#### [THE DATA]
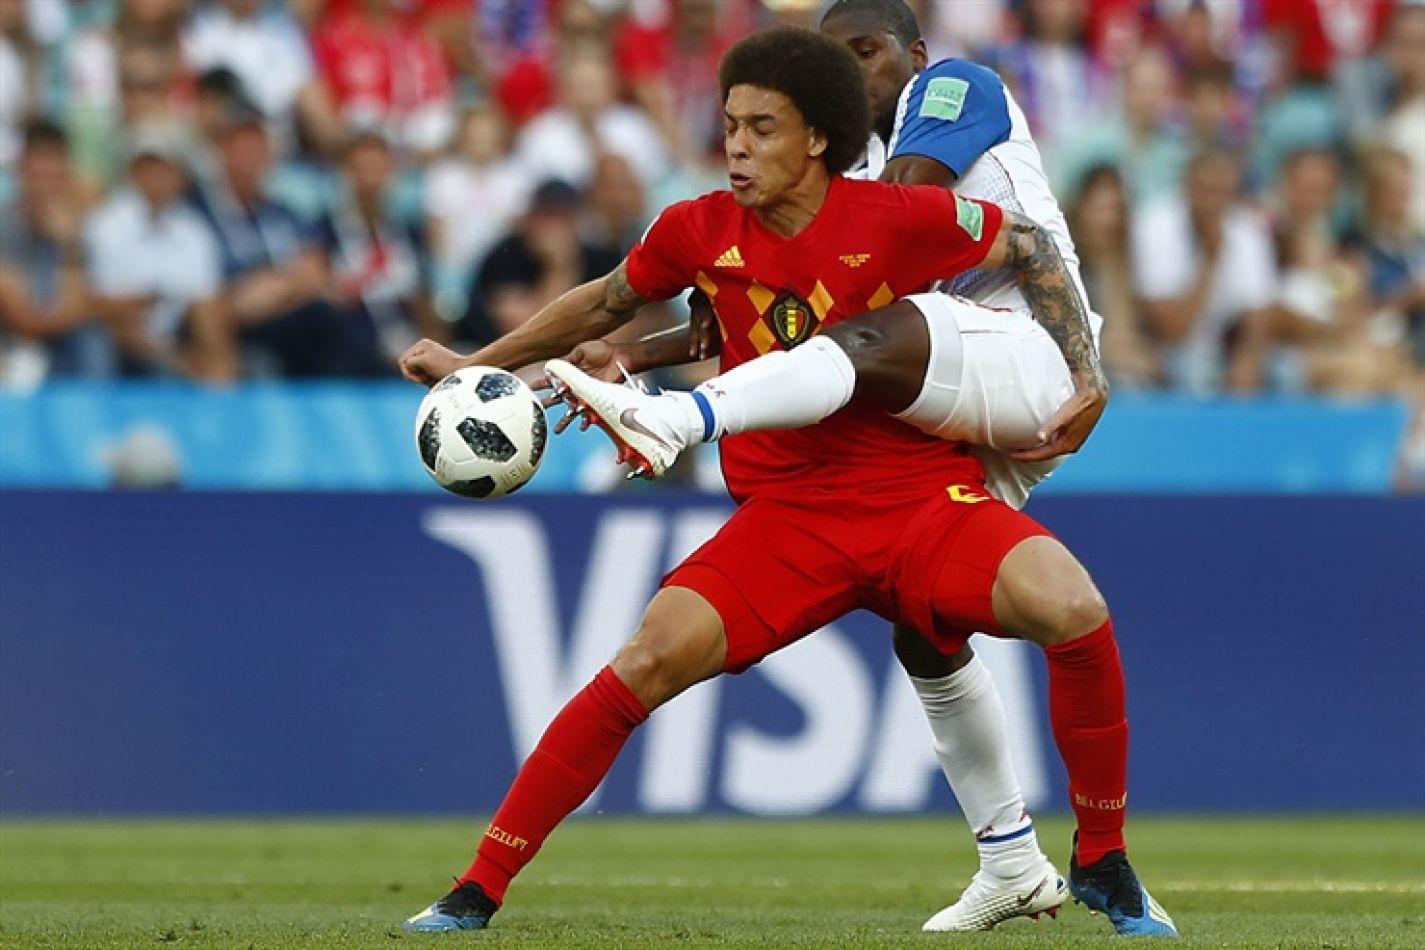 Goleada de Bélgica a Panamá
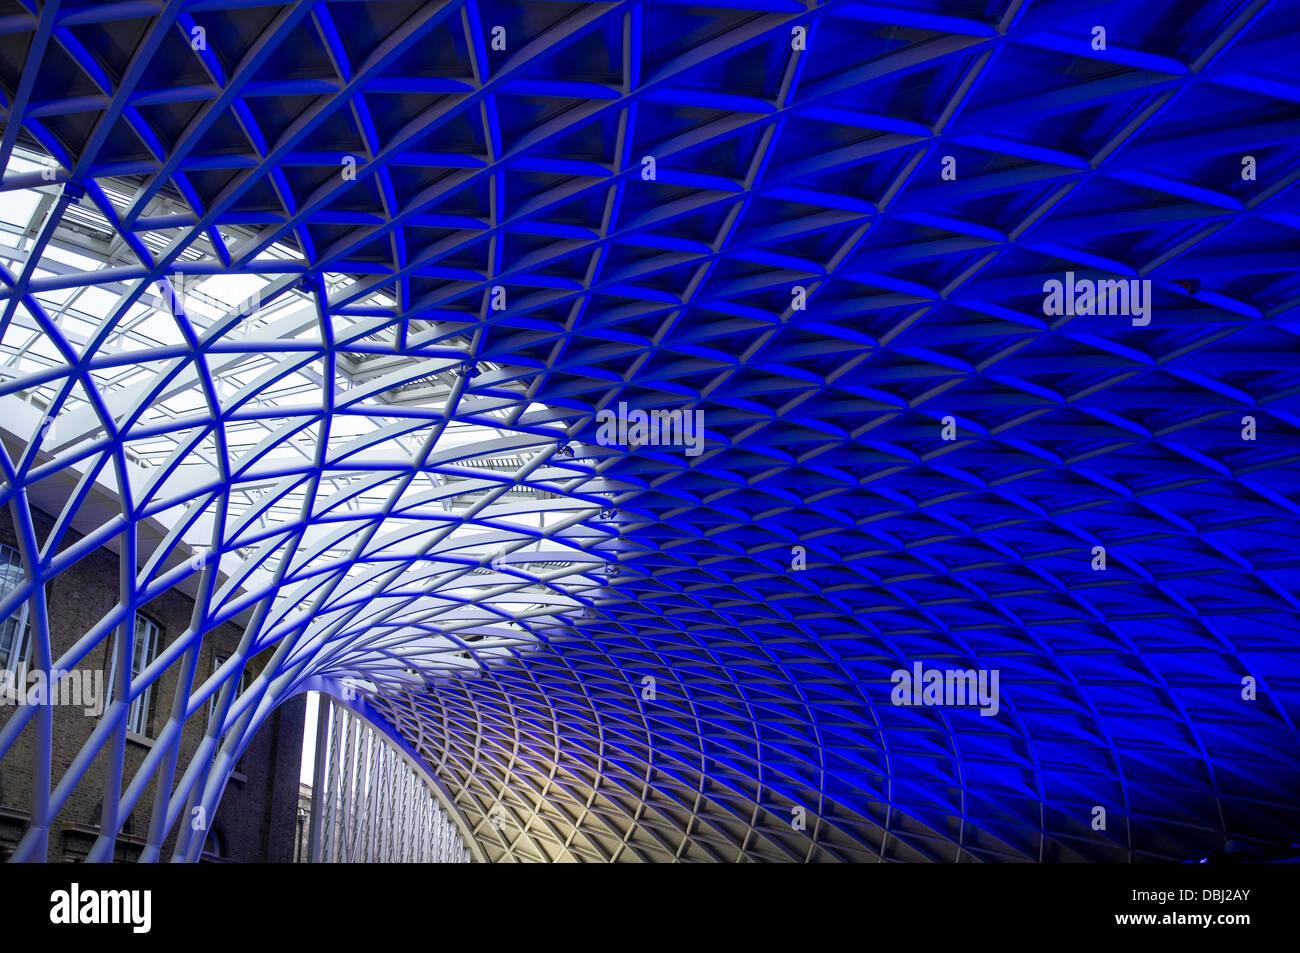 Kings Cross modern architecture - Stock Image
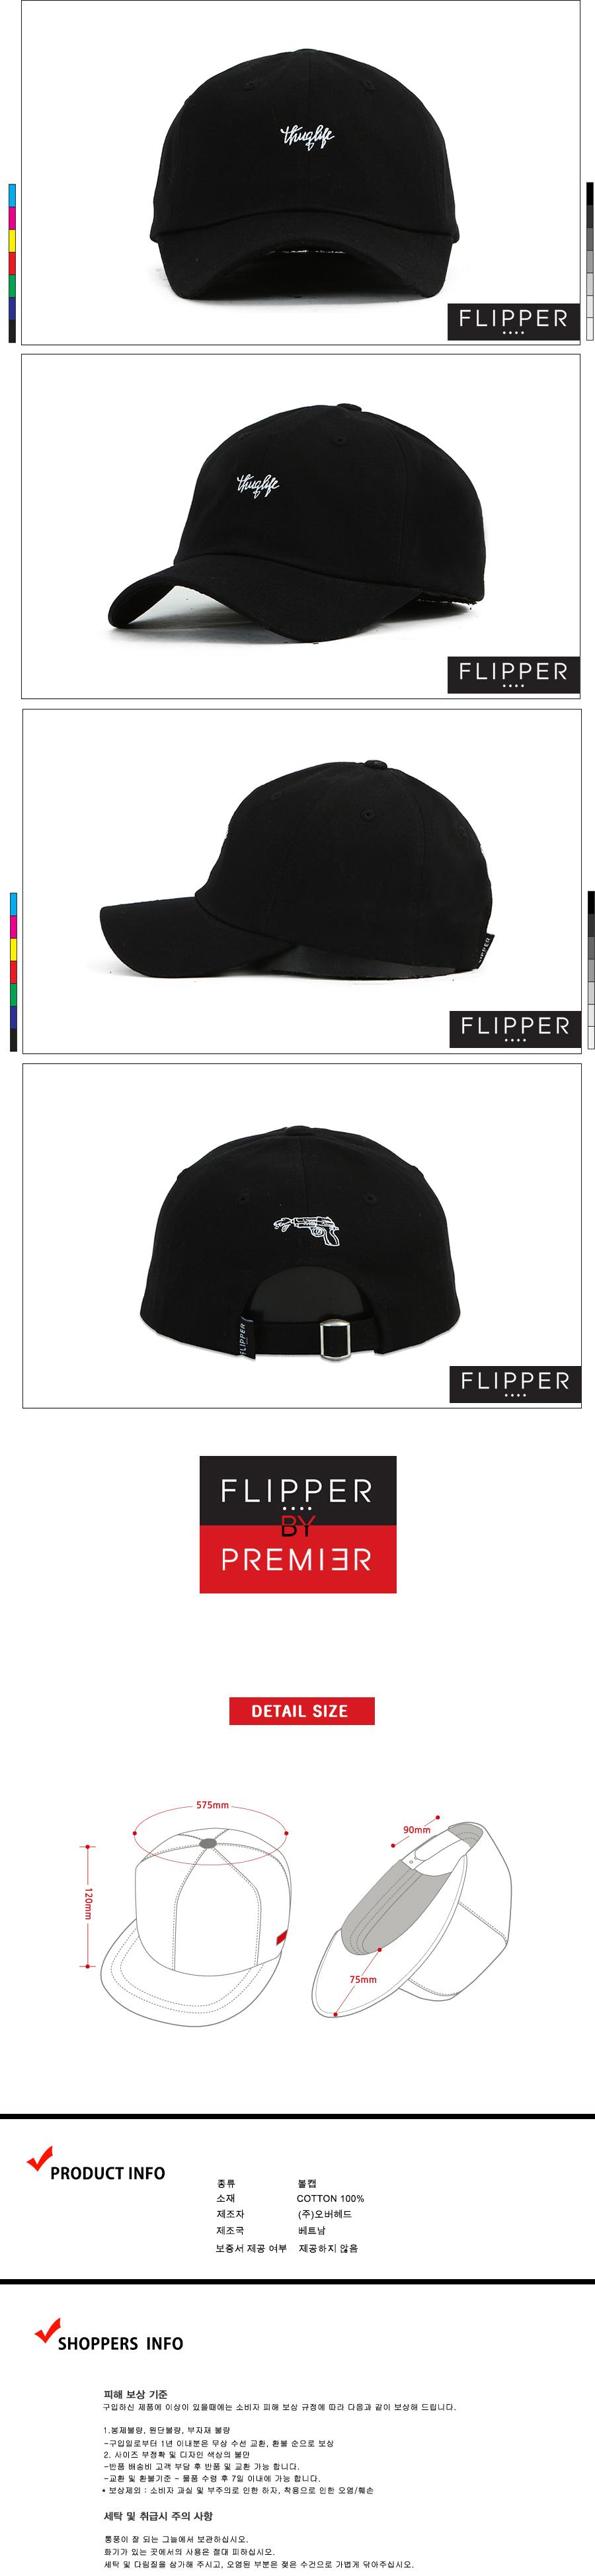 [ PREMIER ] [Premier] Flipper Ball Cap Thug Life Black (FL177)

#### [EXERCISE BRIEF]
Each line of the material needs to be given again exactly, without any of its pictures.

#### [WRITTEN SOLUTION]
 Goleada de Bélgica a Panamá
 Kings Cross modern architecture - Stock Image
 [ PREMIER ] [Premier] Flipper Ball Cap Thug Life Black (FL177)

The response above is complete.